Thanks to Tom and Chuck for their responses.  I'll respond to both  below.

First of all, let me say how my server will behave on this issue at future
testing events.

I intend to specify both rdma/rdma6 netaddr and a port number of 20049 on
the devinfos associated layouts when the data server supports RDMA.
Clients can then key off either of those two indications or they can use
the fact that the MDS connection is RDMA, if they choose.
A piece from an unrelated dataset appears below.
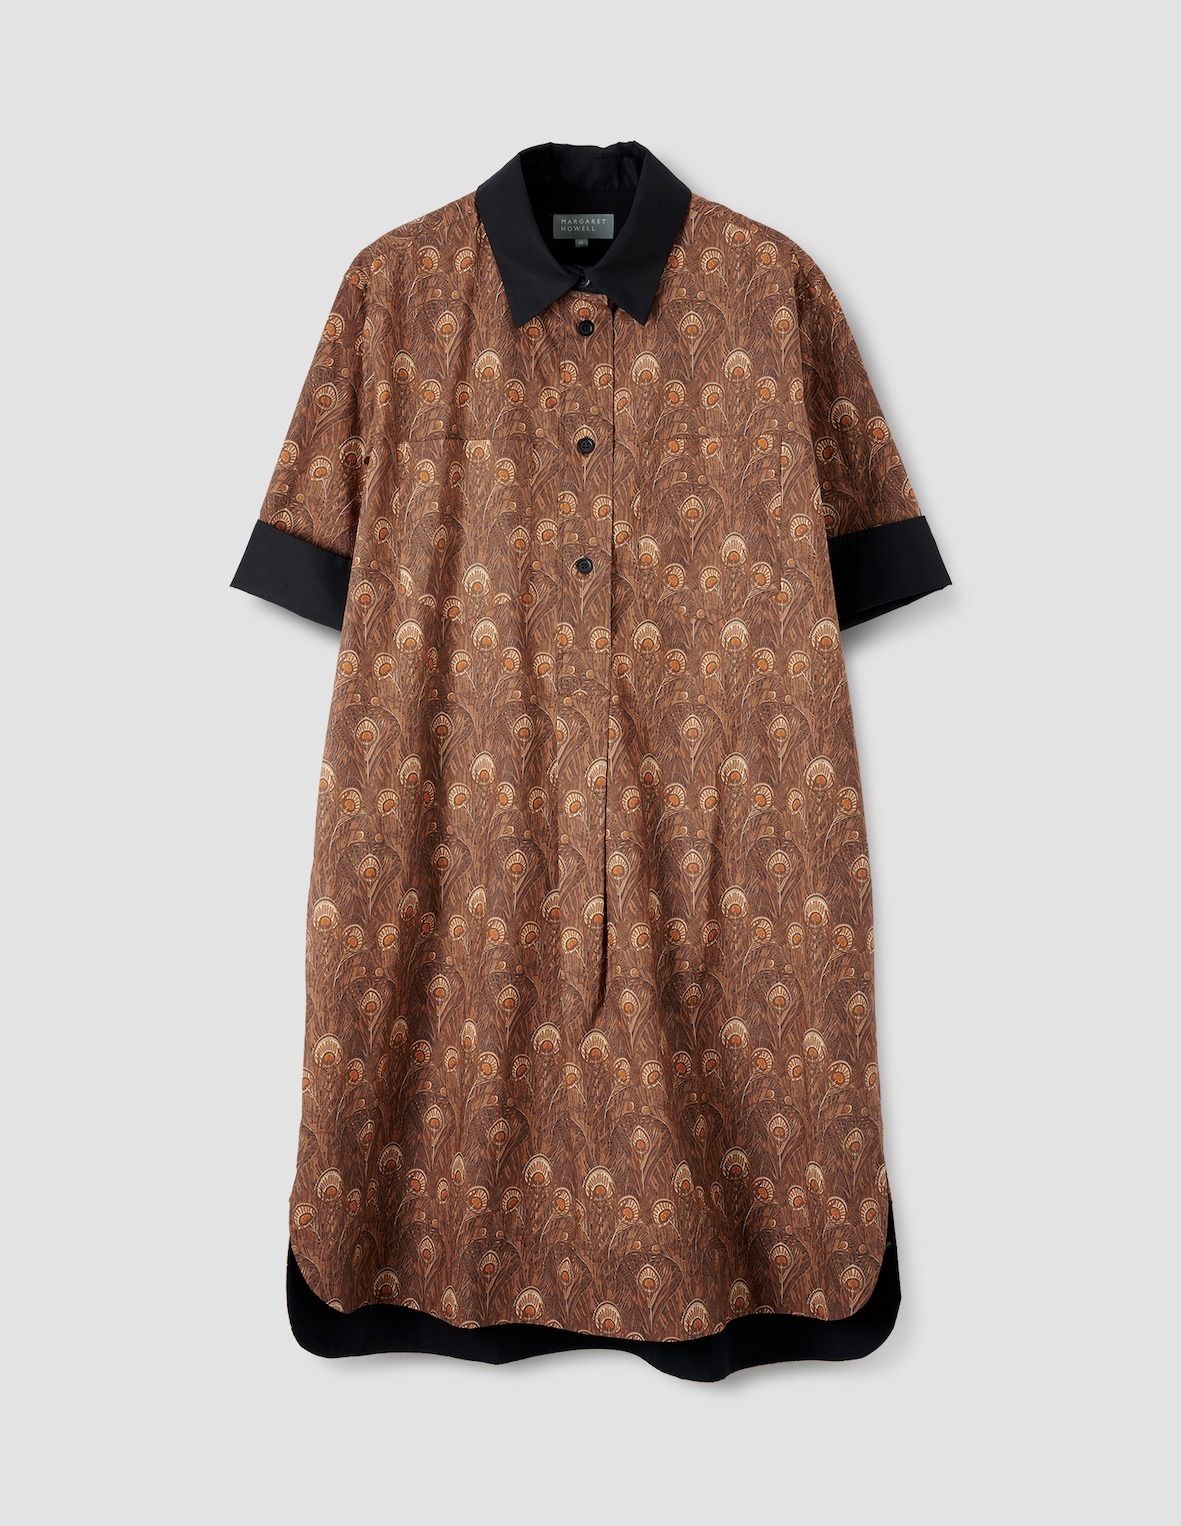 「ショートスリーブシャツドレス」88,000円

I also intend to support use of  the FSLI4TF_RDMA flag as an indication
that an RDMA connection can be used but probably won't have that support on
my intial server.

Whatever the working group deciides to do on this issue, we need to
document the choice in some way.  Maybe we will need a short RFC on this
specfic issue rather than trying to update RFC8267 to include this.   This
short RFC would probably be marked as updating RFC5661, since it does
significantly revise chapter 13 of that document.  I have given some
thought to including this stuff in draft-ietf-nfsv4-mv1-msns-update but so
far it doesn't seem to fit very well.

With regard to Chuck's comments about the analogous problems for referrals,
I have some questions:

   - I assume the same problem can arise with regard to migrations,
   although, for that case it is a reasonable guess, in the absence of any
   other indications that the destination is of the same connection type as
   the source.  Are migration and referral essentially the same in this regard?
   - How useful is  the FSLI4TF_RDMA flag in addressing this problem?  Do
   we need anything else for satisfactory support?
   - What is the situation with regard to NFSv4.0?  How  can  RDMA
   connection be established for migration/referrals in the absence of
   fs_locations_info? Can we regard this as a can't-get-there-from-here
   situation?  If not, how do we address this?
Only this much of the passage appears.